Event Experience



Join us for AI and the Student Experience: Leadership Applications and Measurable Impact, part of the EDUCAUSE Leadership Series. In this three-part experience, synchronous sessions and asynchronous content are combined to support deep, applied learning. Through case studies and examples from higher education, participants will gain practical insights into how institutions navigate the intersection of AI and impactful student experiences.

NOTE: Each session builds on the previous one. Participants are encouraged to engage in all three to maximize their learning.

Schedule

  • Session 1: July 20, 2026 | 12 noon–1:00pm ET
  • Session 2: July 22, 2026 | 12 noon–2:00pm ET
  • Session 3: July 27, 2026 | 12 noon–2:00pm ET

Sessions

Session 1 | Understanding the AI Landscape in Student Success

Drawing on EAB’s latest research and a broad view across institutions nationwide, this session offers a “state of the union” on how AI is shaping the student experience in higher education. As adoption accelerates across campuses, many institutions are still working to align around shared strategies and support for student success teams.

Tara Zirkel will share a national scan of how AI is being used, who is driving adoption, and how approaches are evolving. Attendees will leave with a clearer understanding of how to build a culture that supports effective AI use in student success—through intentional strategy, change management, and stronger partnership between leadership and frontline teams.

Learning Outcomes:

  • Identify key national trends shaping how institutions are applying AI to enhance the student experience.
  • Recognize common gaps and priority areas institutions should address to move from experimentation to meaningful impact.
  • Understand what student success teams need from institutional leadership, such as guardrails, guidance, and support to feel confident and effective using AI in their day-to-day work.

Session 2 | Applying AI to Improve the Early Student Experience

The earliest moments of the student journey often carry the highest stakes and the greatest opportunity for impact.
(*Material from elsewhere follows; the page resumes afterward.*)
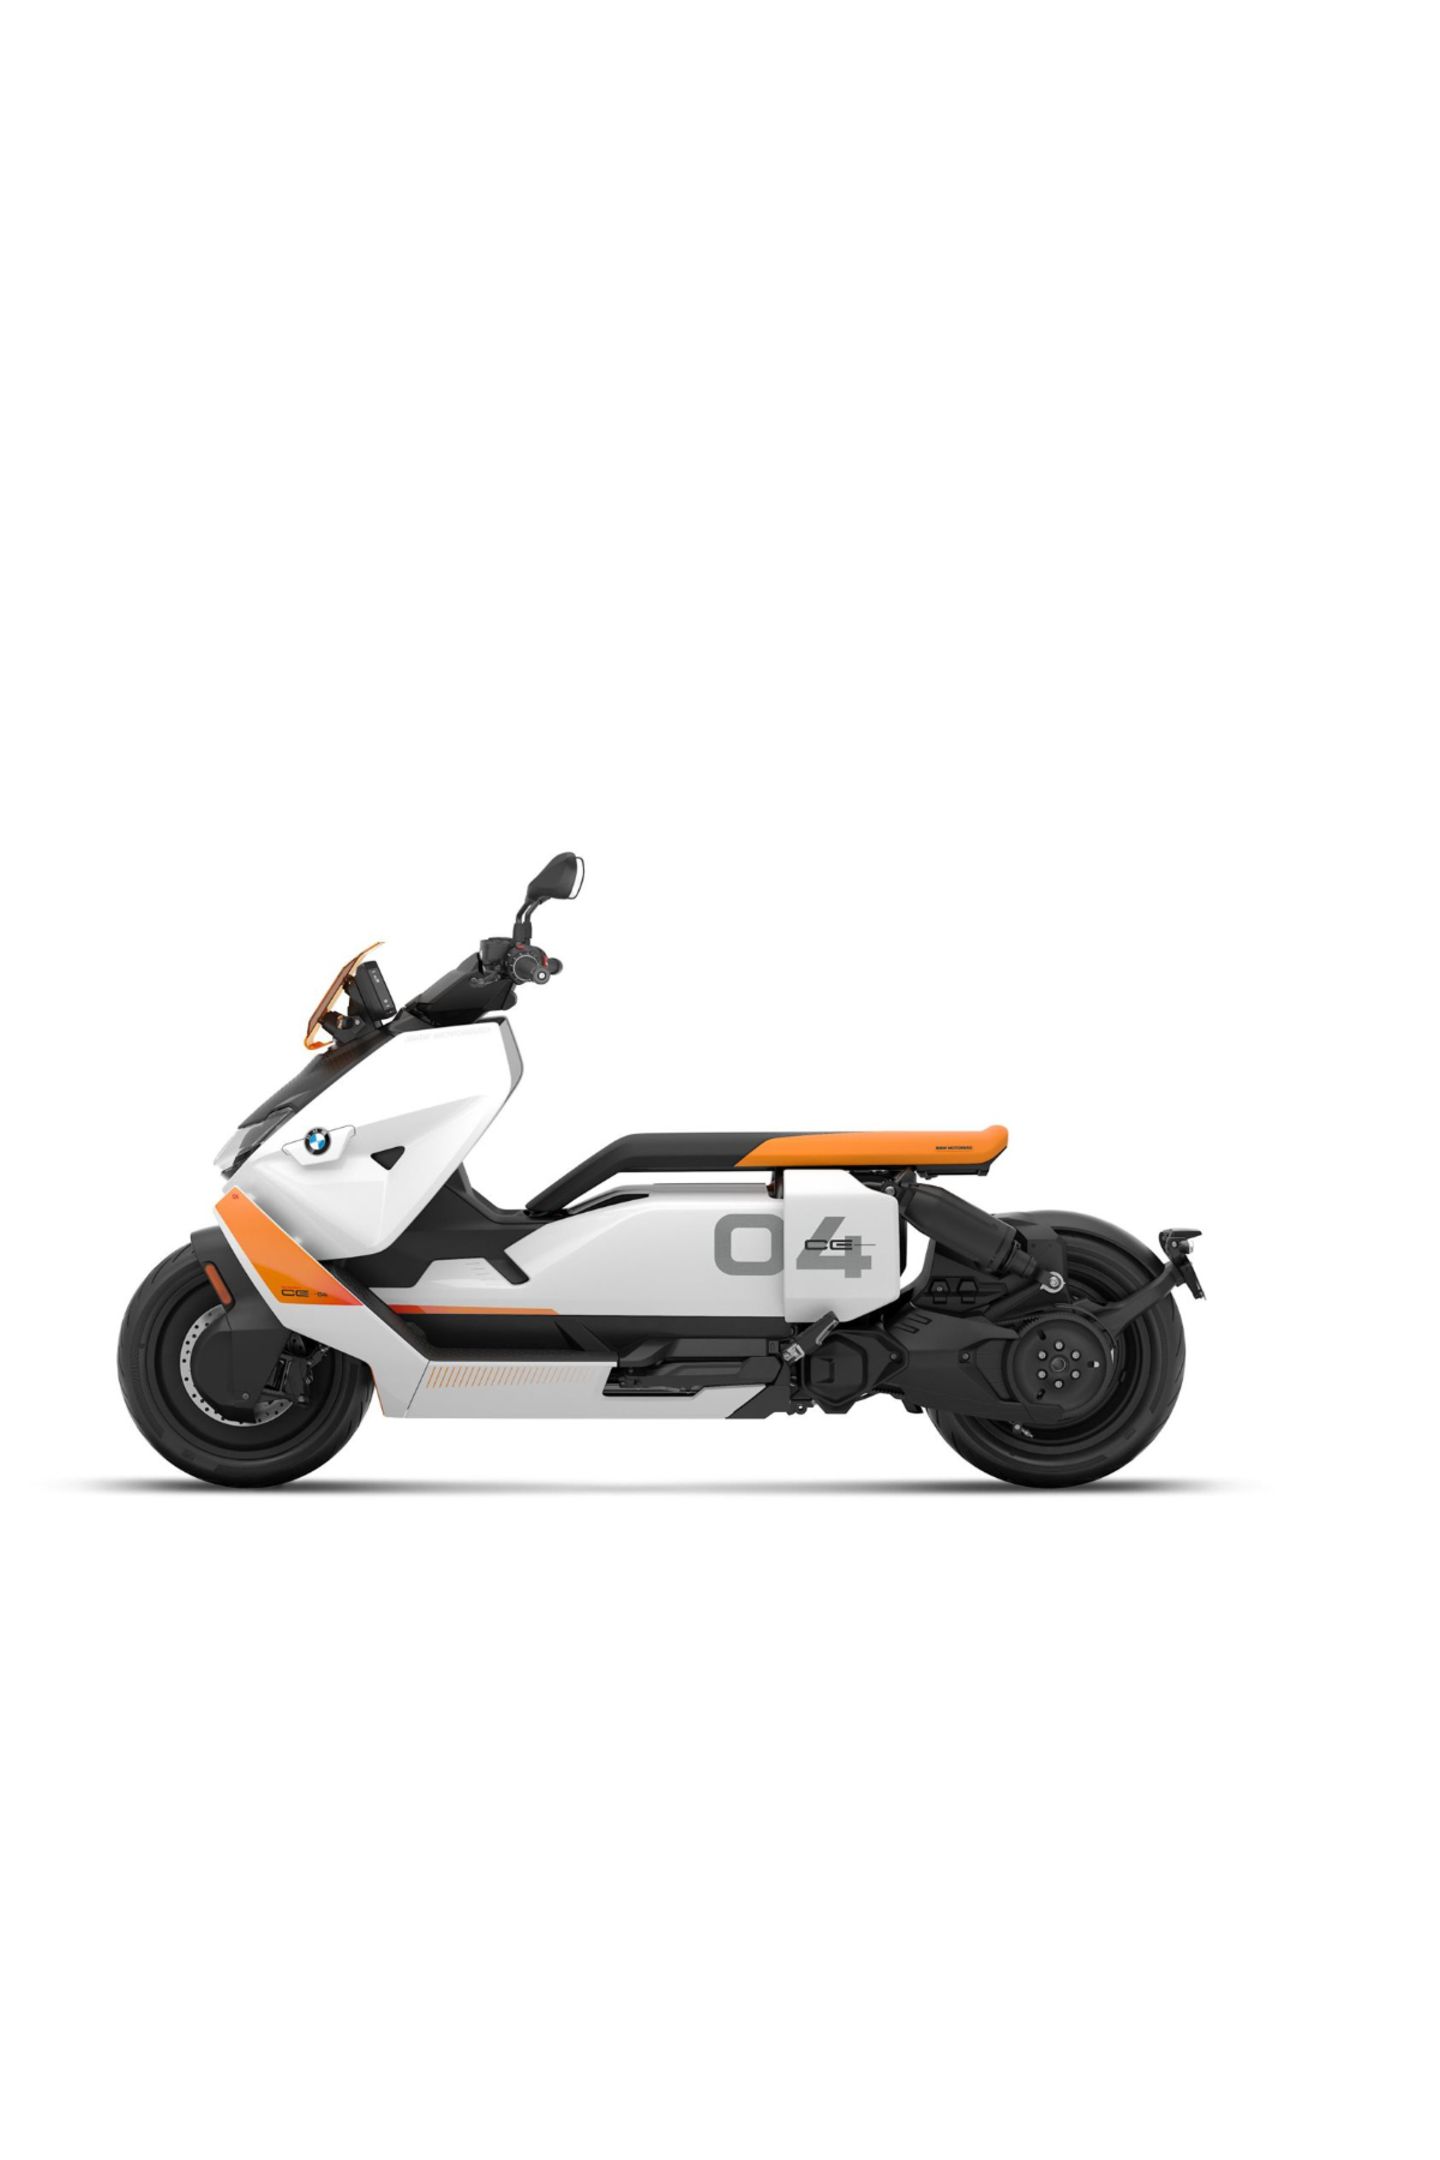 Abgefahren Ziemlich cool, besser für die Umwelt und ganz neu: Ein E-Motorrad. Dieses Modell sieht nicht nur spacig aus, es bringt uns mit bis zu 120 km/h auch bis zu 120 Kilometer weit. "CE04" von BMW, ab 11 900 Euro.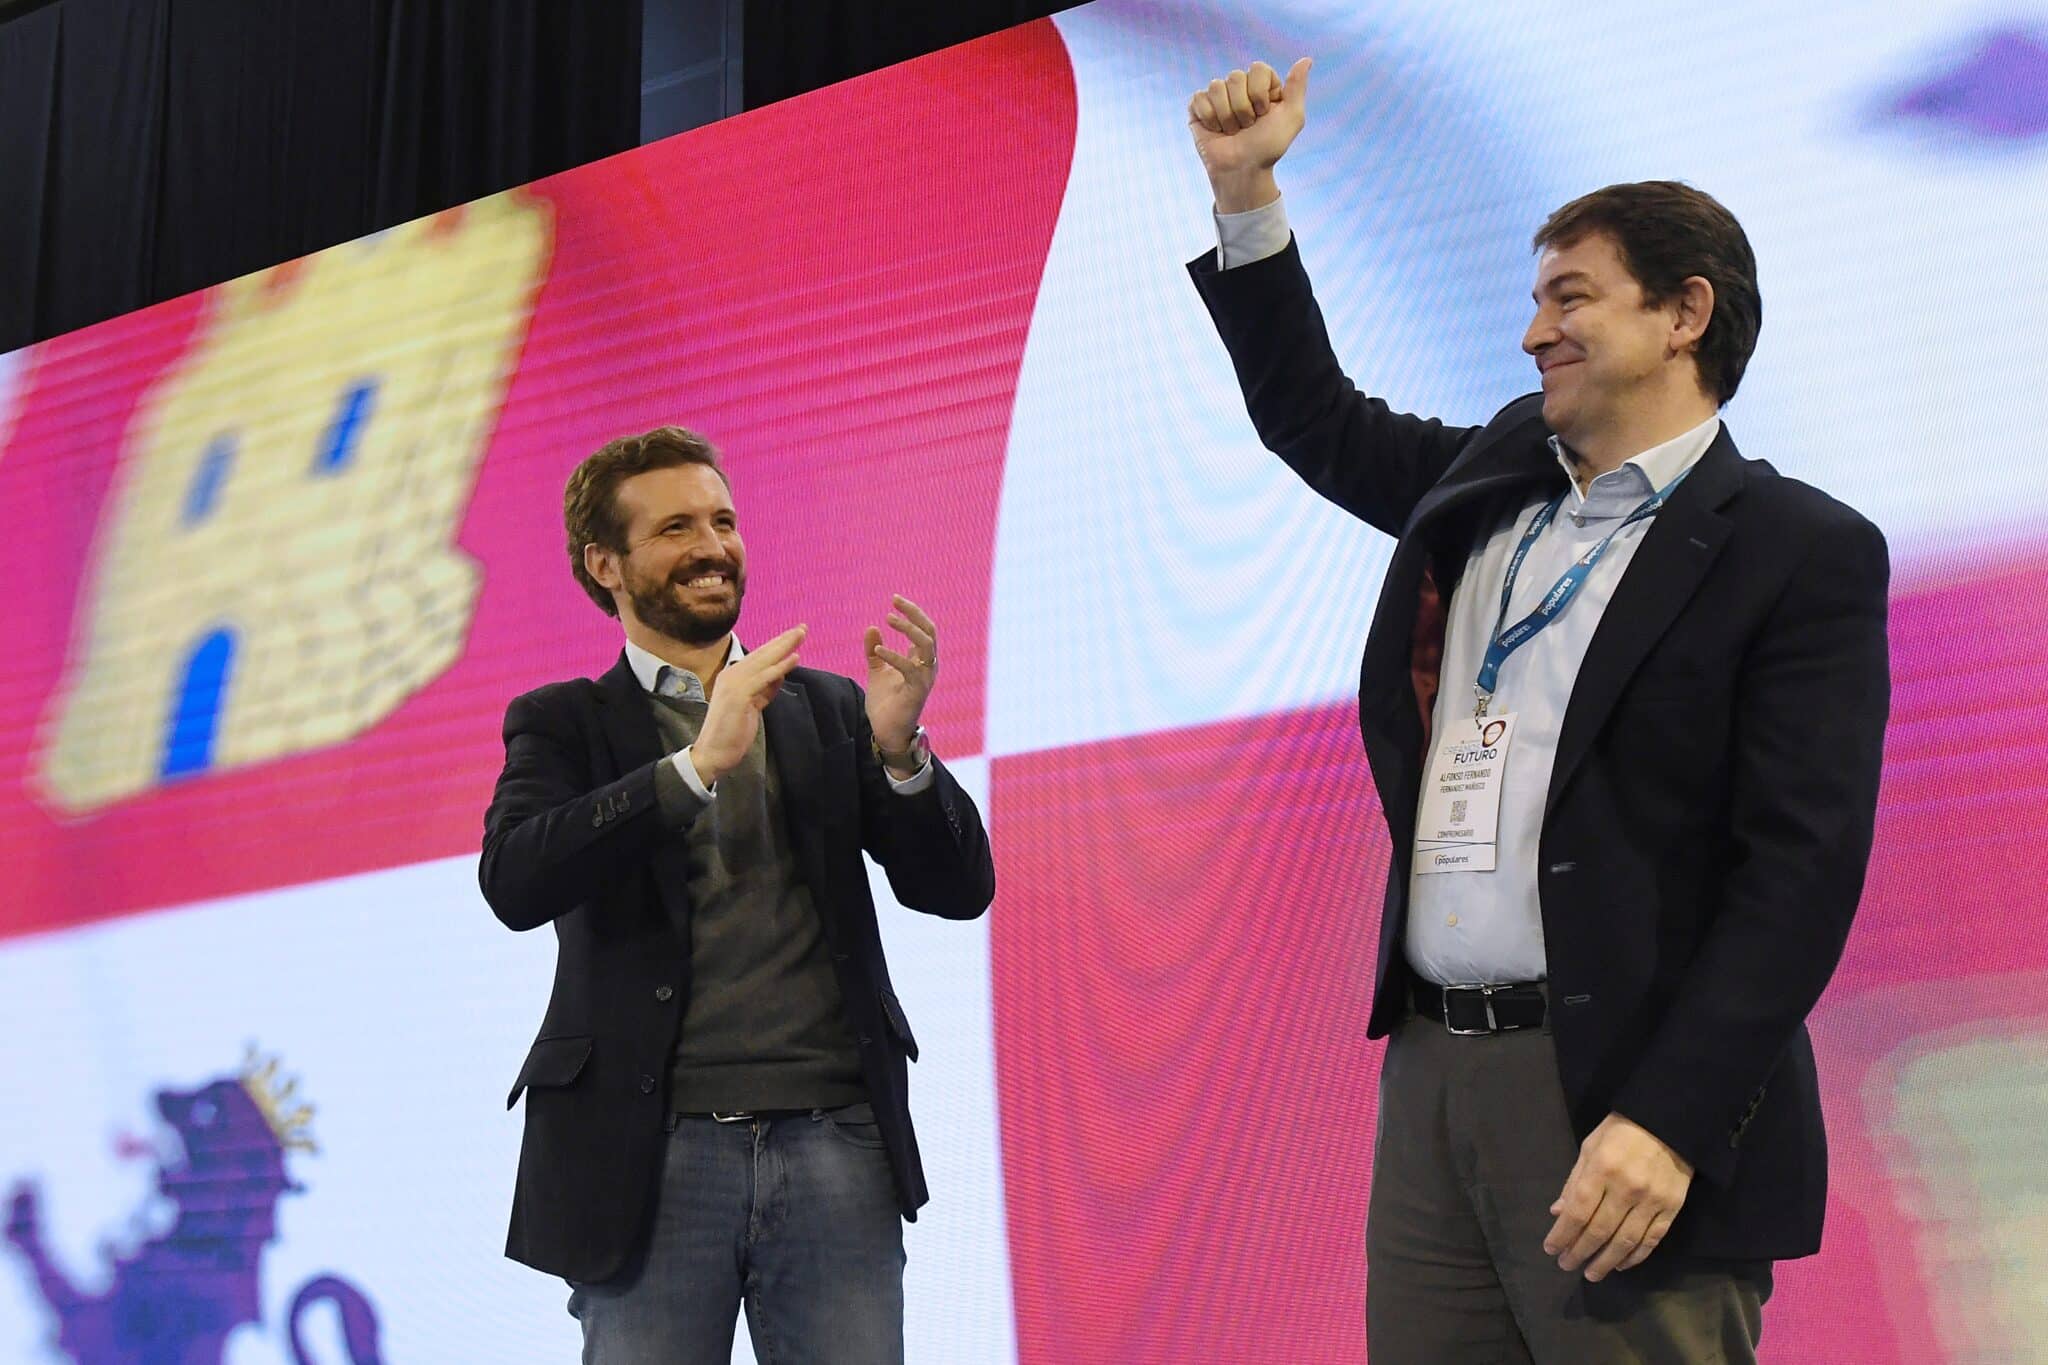 El presidente de la Junta de Castilla y León y candidato a la reelección, Alfonso Fernández Mañueco (d), es aplaudido por el líder del PP, Pablo Casado

From initial engagement through early academic decisions, students navigate complex systems that can either support or stall their progress.

In this session, you’ll explore how institutions use AI to reduce friction, improve clarity, and support stronger momentum, and learn what leaders should consider when prioritizing and implementing these efforts. Through case-study examples and lessons from implementation, presenters will share how they approach the design and rollout of AI-enabled supports in the early student experience, such as advising bots, AI-enabled registration processes, and more, along with key considerations, tradeoffs, and what they are learning along the way.

You’ll leave with a clearer sense of where AI can most effectively improve the early student experience and how to prioritize and align these efforts with broader strategy and operations that influence the student experience.

Learning Outcomes:

  • Identify where AI can improve early student experience and decision-making.
  • Understand key design considerations for implementing AI in early-stage student support.
  • Connect early-stage AI efforts to broader institutional strategy and the student experience.

Session 3 | Scaling AI for Impact Across the Student Experience

As institutions move beyond early experimentation with AI, leaders face a new challenge: determining what is actually improving the student experience over time and contributing to persistence and completion, and how to scale those efforts across systems and teams.

This session focuses on how institutions are evolving AI-enabled approaches to support ongoing student success. Presenters will explore examples such as AI-enabled advising and support tools, personalized outreach, student-facing AI agents, and coordinated support systems to refine their approaches and build the structures and coordination needed to support responsible, long-term use.

You’ll gain clear examples of what it takes to move from isolated use cases to sustained, institution-wide impact on the student experience and the perspective to lead and scale these efforts in your own context.

Learning Outcomes:

  • Assess AI initiatives using meaningful indicators of the student experience and related outcomes.
  • Evaluate considerations and tradeoffs when scaling AI-enabled support across the student journey.
  • Explore approaches to governance, risk, and responsible use.
  • Identify strategies for ongoing refinement and continuous improvement.